The idea for the work came from a previous, failed attempt to produce a type of silicon that would emit light, Gillen said. "I had done some work on trying to dope silicon directly with erbium to produce a silicon-based [light] source, which was not very successful," he said. "I had the idea of combining ... erbium-based systems with organic LED's to try and produce an erbium-containing molecule that would produce electroluminescence at 1.5 microns and which could potentially be deposited directly onto silicon substrates," said Gillin.

The work is impressive because the device is electrical, said Rajeev Ram, associate professor of electrical engineering at the Massachusetts Institute of Technology. "Most work that's been done with organic light emission has been where you excite the organic material with a laser .... This was nice because they actually electrically injected it and it was nice because they used silicon and aluminum, materials that are very common to integrated circuits,” Ram said.

Although the research has proved it is possible to join silicon with an inexpensive organic LED, there's a lot of work to be done to make a practical, said Gillin. The next step is to improve the efficiency, he said.

The device currently draws 17 volts of current and produces .01 photons for each electron put into the system. A practical system would need to work at 1.5 volts and change 10 to 50 percent of the electrical energy to optical energy, according to Ram. This means it must be improved to use 1/10 the electricity and at the same time produce 1000 times more photons, said Ram, adding that it is a difficult but not insurmountable engineering problem.

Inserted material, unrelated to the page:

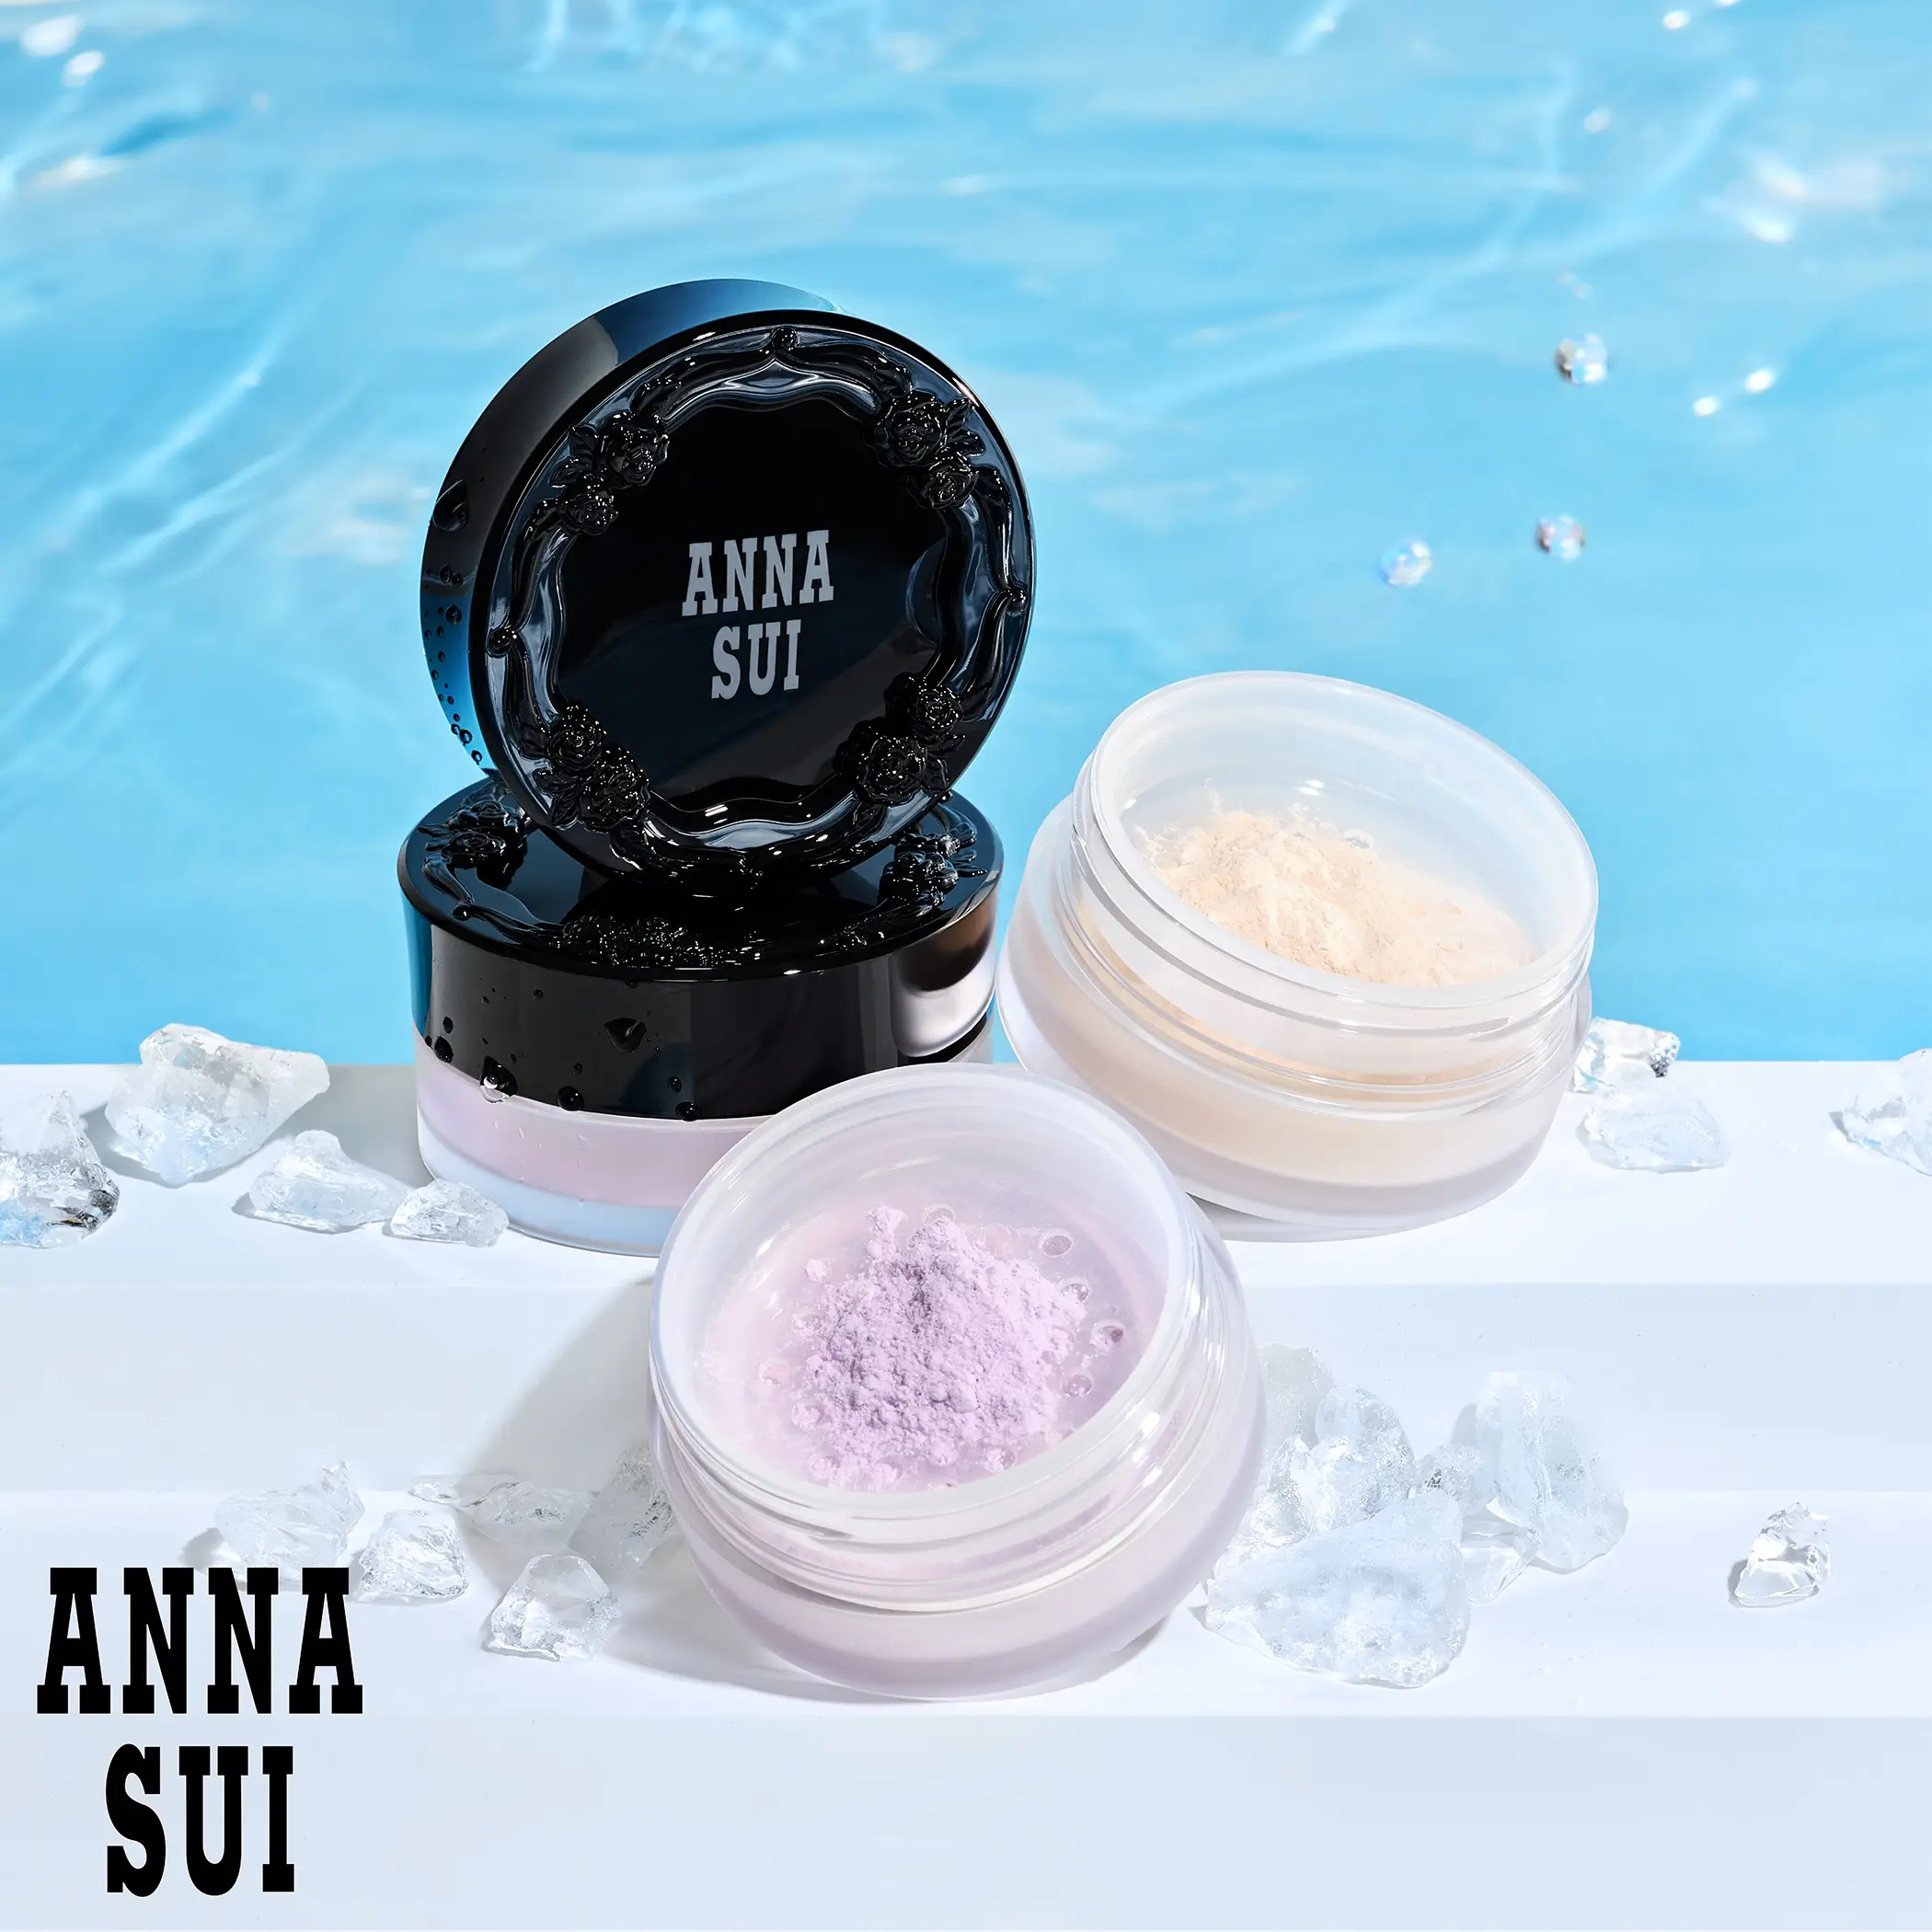 Water Powder limited editions from Anna Sui
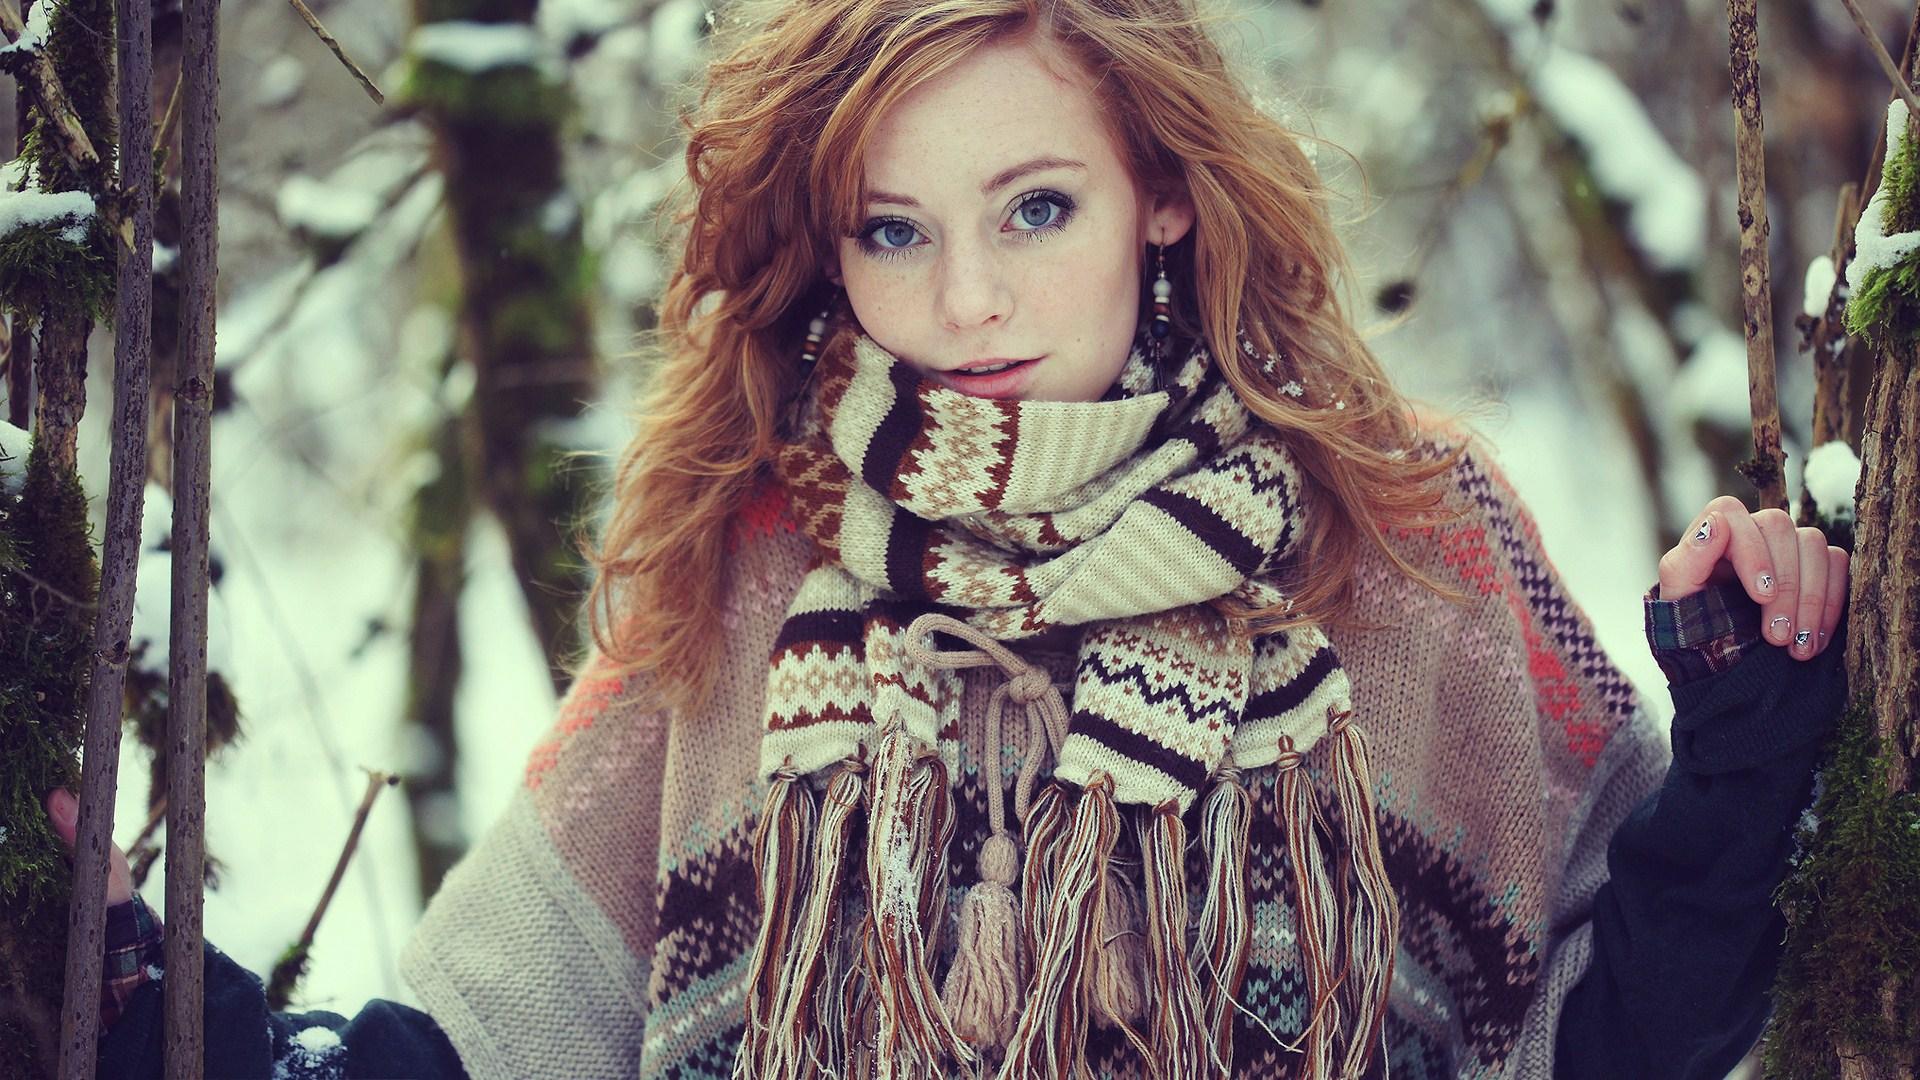 Winter Girl Wallpaper Image Photo Picture Background

It will take about five years of research to make the device ready for commercial use, said Gillin.

In the meantime, there are other technologies proposing to bridge the gap between silicon and fiber, said Ram. "There are a lot of other approaches, and some [others] are probably further ahead ... but I think this is interesting because it's potentially very cheap just because it uses organics. Organics in general are very cheap to make emit light," said Ram.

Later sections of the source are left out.